Records from a dataset:
******************************
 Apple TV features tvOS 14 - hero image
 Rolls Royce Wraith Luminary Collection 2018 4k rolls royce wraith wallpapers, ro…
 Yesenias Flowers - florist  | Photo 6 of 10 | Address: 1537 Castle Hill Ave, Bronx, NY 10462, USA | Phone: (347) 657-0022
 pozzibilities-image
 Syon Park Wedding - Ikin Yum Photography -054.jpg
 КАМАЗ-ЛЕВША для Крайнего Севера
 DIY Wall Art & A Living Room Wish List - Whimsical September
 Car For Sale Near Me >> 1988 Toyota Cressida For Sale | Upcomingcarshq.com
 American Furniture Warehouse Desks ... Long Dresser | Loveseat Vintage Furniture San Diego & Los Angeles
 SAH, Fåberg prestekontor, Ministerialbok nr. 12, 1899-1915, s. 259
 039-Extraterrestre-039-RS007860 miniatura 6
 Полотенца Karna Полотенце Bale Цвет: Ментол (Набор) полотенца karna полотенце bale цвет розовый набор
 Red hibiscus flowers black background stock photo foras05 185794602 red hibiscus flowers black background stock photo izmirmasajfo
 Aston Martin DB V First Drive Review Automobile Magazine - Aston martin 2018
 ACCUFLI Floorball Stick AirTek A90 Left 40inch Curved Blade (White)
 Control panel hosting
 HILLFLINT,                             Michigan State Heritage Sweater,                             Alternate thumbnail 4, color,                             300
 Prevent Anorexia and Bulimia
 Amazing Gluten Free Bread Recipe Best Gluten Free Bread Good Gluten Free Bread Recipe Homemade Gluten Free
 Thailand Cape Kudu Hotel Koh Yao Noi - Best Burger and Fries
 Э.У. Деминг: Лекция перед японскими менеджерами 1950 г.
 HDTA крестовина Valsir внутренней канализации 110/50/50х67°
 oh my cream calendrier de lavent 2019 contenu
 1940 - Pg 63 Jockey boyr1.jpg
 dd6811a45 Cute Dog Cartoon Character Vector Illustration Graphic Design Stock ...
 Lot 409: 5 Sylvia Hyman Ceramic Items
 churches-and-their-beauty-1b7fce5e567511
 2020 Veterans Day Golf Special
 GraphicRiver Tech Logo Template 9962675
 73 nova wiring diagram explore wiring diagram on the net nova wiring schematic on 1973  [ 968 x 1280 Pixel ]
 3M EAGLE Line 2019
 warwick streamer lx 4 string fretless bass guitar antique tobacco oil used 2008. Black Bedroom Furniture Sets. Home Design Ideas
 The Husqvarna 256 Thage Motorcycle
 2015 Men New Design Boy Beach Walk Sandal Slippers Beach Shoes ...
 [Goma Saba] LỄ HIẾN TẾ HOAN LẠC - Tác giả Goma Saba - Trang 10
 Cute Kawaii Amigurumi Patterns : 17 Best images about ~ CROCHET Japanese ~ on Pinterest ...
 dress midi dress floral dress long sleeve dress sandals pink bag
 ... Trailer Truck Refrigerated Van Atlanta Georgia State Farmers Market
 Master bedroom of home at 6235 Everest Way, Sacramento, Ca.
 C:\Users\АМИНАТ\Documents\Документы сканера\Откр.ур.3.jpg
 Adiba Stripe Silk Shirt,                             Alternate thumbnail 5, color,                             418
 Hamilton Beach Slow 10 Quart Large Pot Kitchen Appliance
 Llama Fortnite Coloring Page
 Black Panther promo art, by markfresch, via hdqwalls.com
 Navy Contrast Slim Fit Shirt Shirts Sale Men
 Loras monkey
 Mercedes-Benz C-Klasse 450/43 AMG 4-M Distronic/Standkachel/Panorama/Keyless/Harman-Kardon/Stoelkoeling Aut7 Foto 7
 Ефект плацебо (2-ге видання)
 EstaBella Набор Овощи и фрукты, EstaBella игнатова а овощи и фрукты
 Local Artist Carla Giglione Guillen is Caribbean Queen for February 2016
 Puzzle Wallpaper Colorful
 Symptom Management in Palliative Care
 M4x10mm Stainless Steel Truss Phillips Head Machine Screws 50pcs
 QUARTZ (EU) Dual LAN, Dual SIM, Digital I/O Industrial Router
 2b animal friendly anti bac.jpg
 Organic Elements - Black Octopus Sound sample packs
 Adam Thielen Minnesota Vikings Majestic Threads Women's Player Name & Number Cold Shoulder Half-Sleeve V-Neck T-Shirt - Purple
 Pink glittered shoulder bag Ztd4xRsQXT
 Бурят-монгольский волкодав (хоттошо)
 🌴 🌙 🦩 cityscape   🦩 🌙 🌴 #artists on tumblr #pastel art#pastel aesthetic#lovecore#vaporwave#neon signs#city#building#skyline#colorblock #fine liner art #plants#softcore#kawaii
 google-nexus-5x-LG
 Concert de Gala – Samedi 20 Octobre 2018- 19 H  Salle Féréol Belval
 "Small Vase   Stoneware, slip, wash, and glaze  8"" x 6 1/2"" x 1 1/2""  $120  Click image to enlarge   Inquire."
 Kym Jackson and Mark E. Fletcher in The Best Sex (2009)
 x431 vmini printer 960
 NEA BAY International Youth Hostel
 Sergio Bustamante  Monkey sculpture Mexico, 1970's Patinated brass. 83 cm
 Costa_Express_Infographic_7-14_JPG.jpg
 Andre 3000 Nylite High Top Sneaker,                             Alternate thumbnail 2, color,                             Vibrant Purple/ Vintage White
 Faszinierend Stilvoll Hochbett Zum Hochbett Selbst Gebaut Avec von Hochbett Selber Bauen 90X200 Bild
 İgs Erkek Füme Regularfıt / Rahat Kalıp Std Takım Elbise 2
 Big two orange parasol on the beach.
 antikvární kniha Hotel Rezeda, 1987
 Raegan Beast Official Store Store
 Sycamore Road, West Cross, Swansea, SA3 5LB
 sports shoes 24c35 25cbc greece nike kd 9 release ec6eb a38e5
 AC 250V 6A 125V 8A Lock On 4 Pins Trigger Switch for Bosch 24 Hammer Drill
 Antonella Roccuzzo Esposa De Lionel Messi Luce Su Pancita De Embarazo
******************************
#### [Brief]
From the start of the data to the line that holds "Prevent Anorexia and Bulimia", retype each line exactly, with both ends included.

#### [Solved exercise]
 Apple TV features tvOS 14 - hero image
 Rolls Royce Wraith Luminary Collection 2018 4k rolls royce wraith wallpapers, ro…
 Yesenias Flowers - florist  | Photo 6 of 10 | Address: 1537 Castle Hill Ave, Bronx, NY 10462, USA | Phone: (347) 657-0022
 pozzibilities-image
 Syon Park Wedding - Ikin Yum Photography -054.jpg
 КАМАЗ-ЛЕВША для Крайнего Севера
 DIY Wall Art & A Living Room Wish List - Whimsical September
 Car For Sale Near Me >> 1988 Toyota Cressida For Sale | Upcomingcarshq.com
 American Furniture Warehouse Desks ... Long Dresser | Loveseat Vintage Furniture San Diego & Los Angeles
 SAH, Fåberg prestekontor, Ministerialbok nr. 12, 1899-1915, s. 259
 039-Extraterrestre-039-RS007860 miniatura 6
 Полотенца Karna Полотенце Bale Цвет: Ментол (Набор) полотенца karna полотенце bale цвет розовый набор
 Red hibiscus flowers black background stock photo foras05 185794602 red hibiscus flowers black background stock photo izmirmasajfo
 Aston Martin DB V First Drive Review Automobile Magazine - Aston martin 2018
 ACCUFLI Floorball Stick AirTek A90 Left 40inch Curved Blade (White)
 Control panel hosting
 HILLFLINT,                             Michigan State Heritage Sweater,                             Alternate thumbnail 4, color,                             300
 Prevent Anorexia and Bulimia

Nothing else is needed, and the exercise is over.